Task objective => Please give the lines below again exactly as they stand, from the one that contains "Can You Guess" up to and including the one that contains "Diced onion cooked in red wine.", leaving all pictures out.

Source data =>
-----
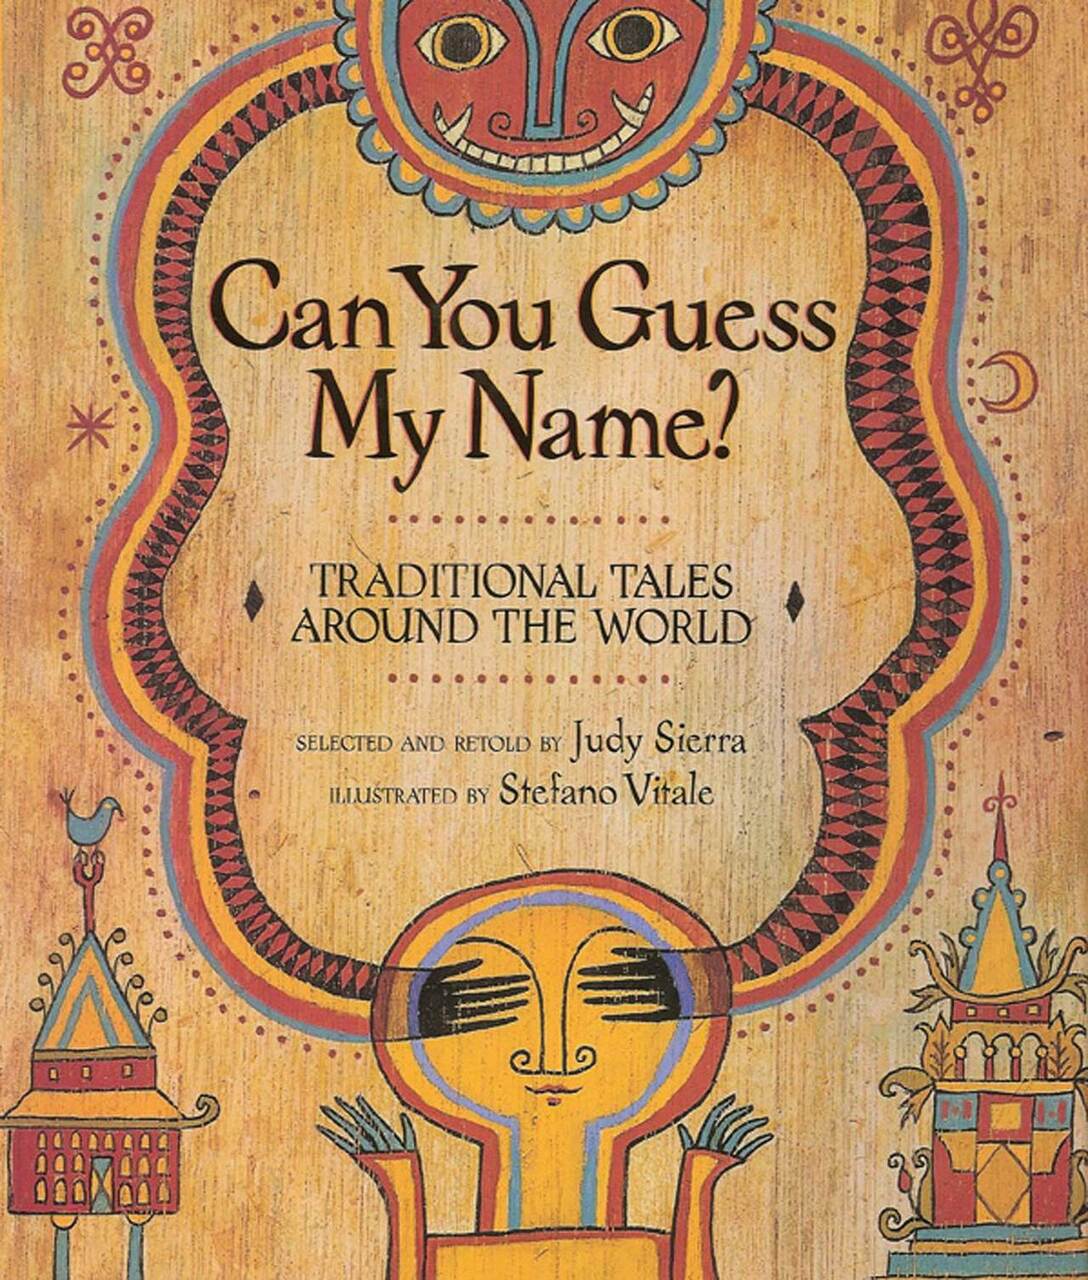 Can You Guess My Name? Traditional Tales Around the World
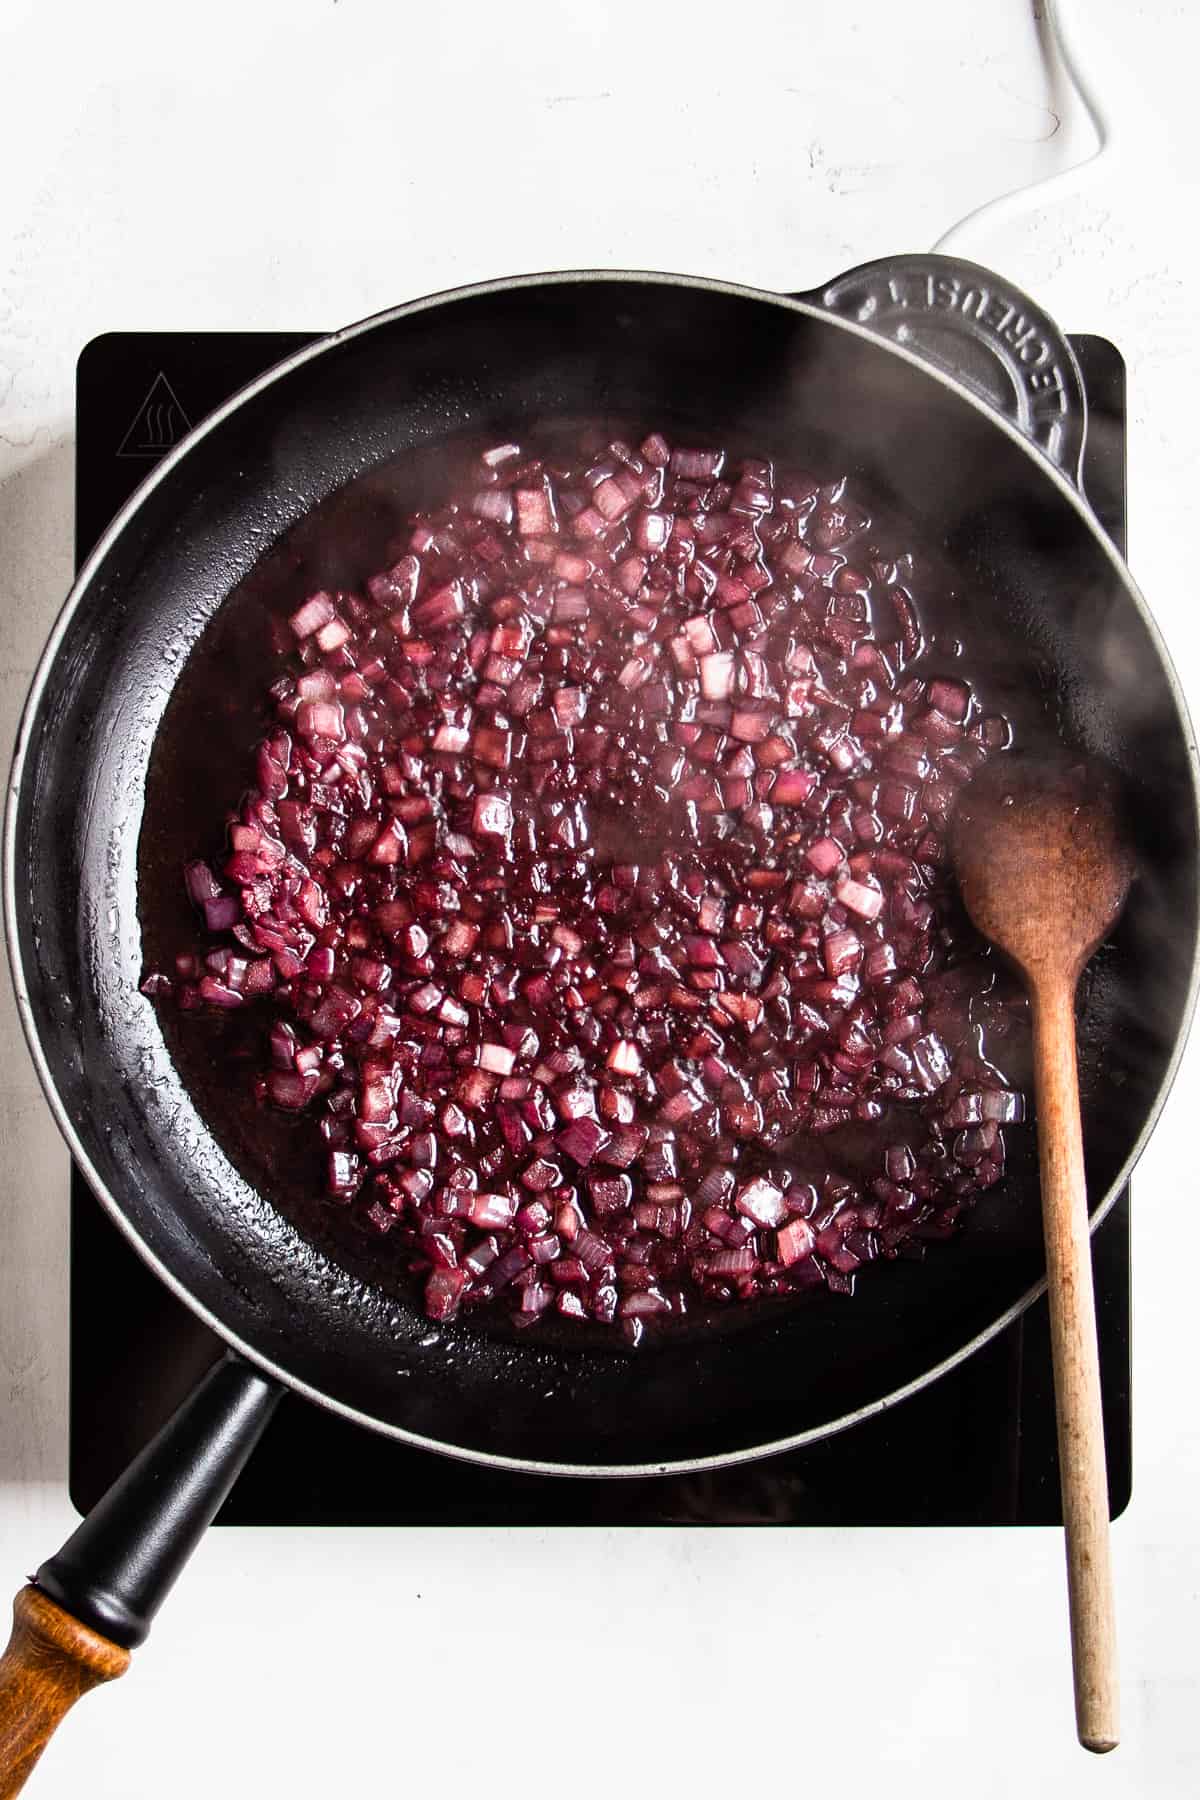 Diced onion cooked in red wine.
-----
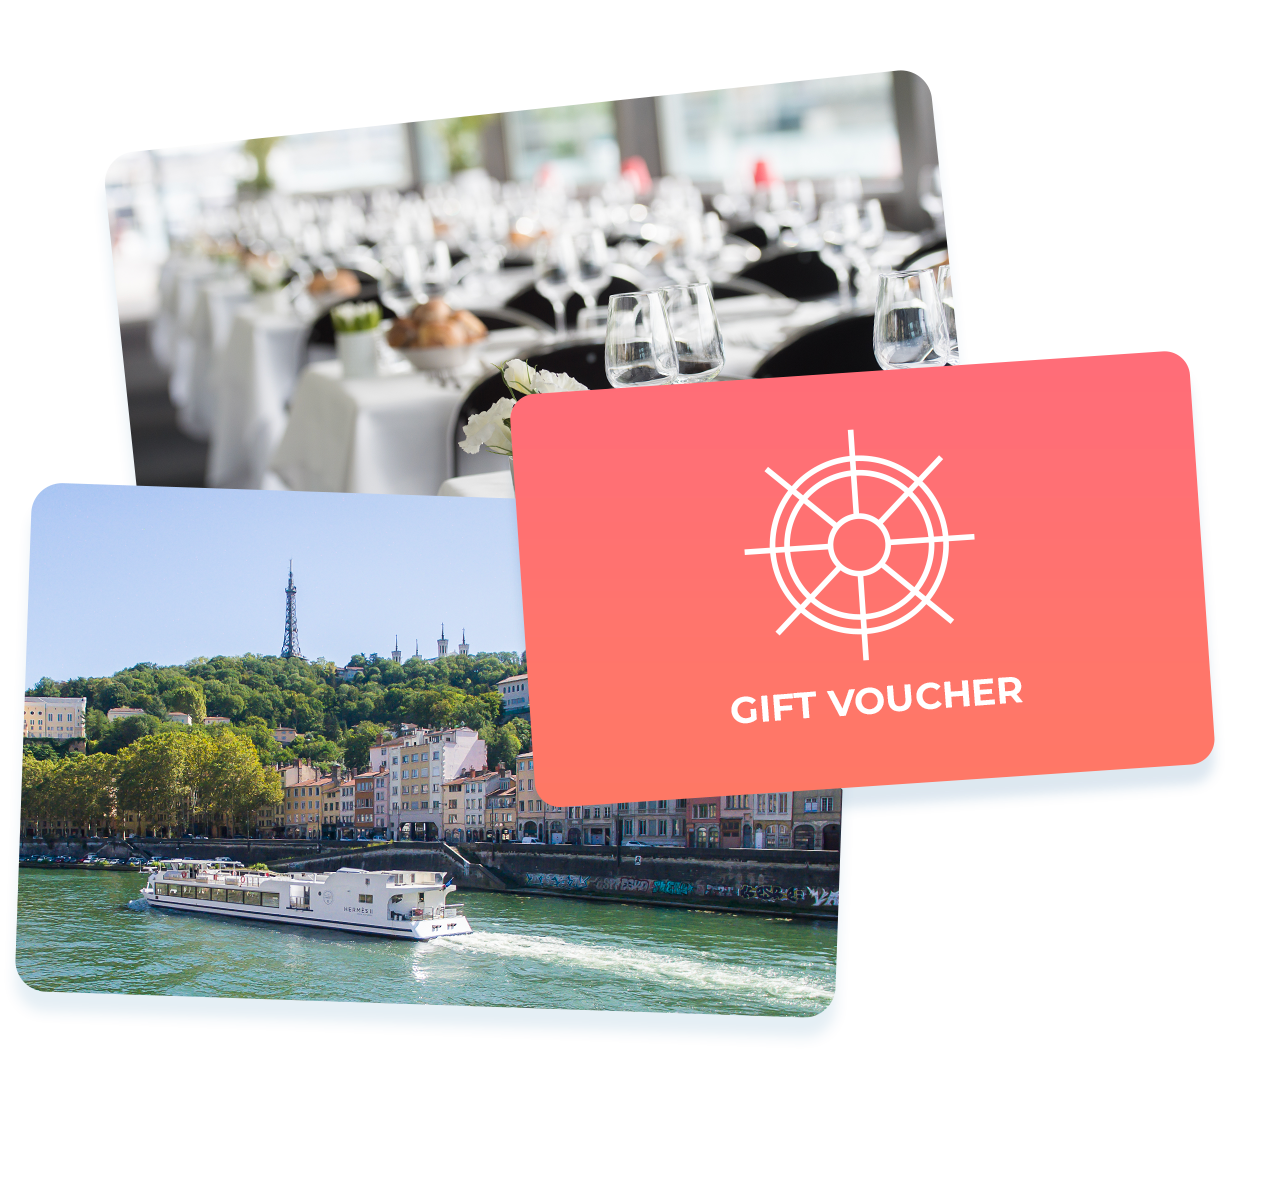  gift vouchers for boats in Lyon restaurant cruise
-----
Output =>
 Can You Guess My Name? Traditional Tales Around the World
 Diced onion cooked in red wine.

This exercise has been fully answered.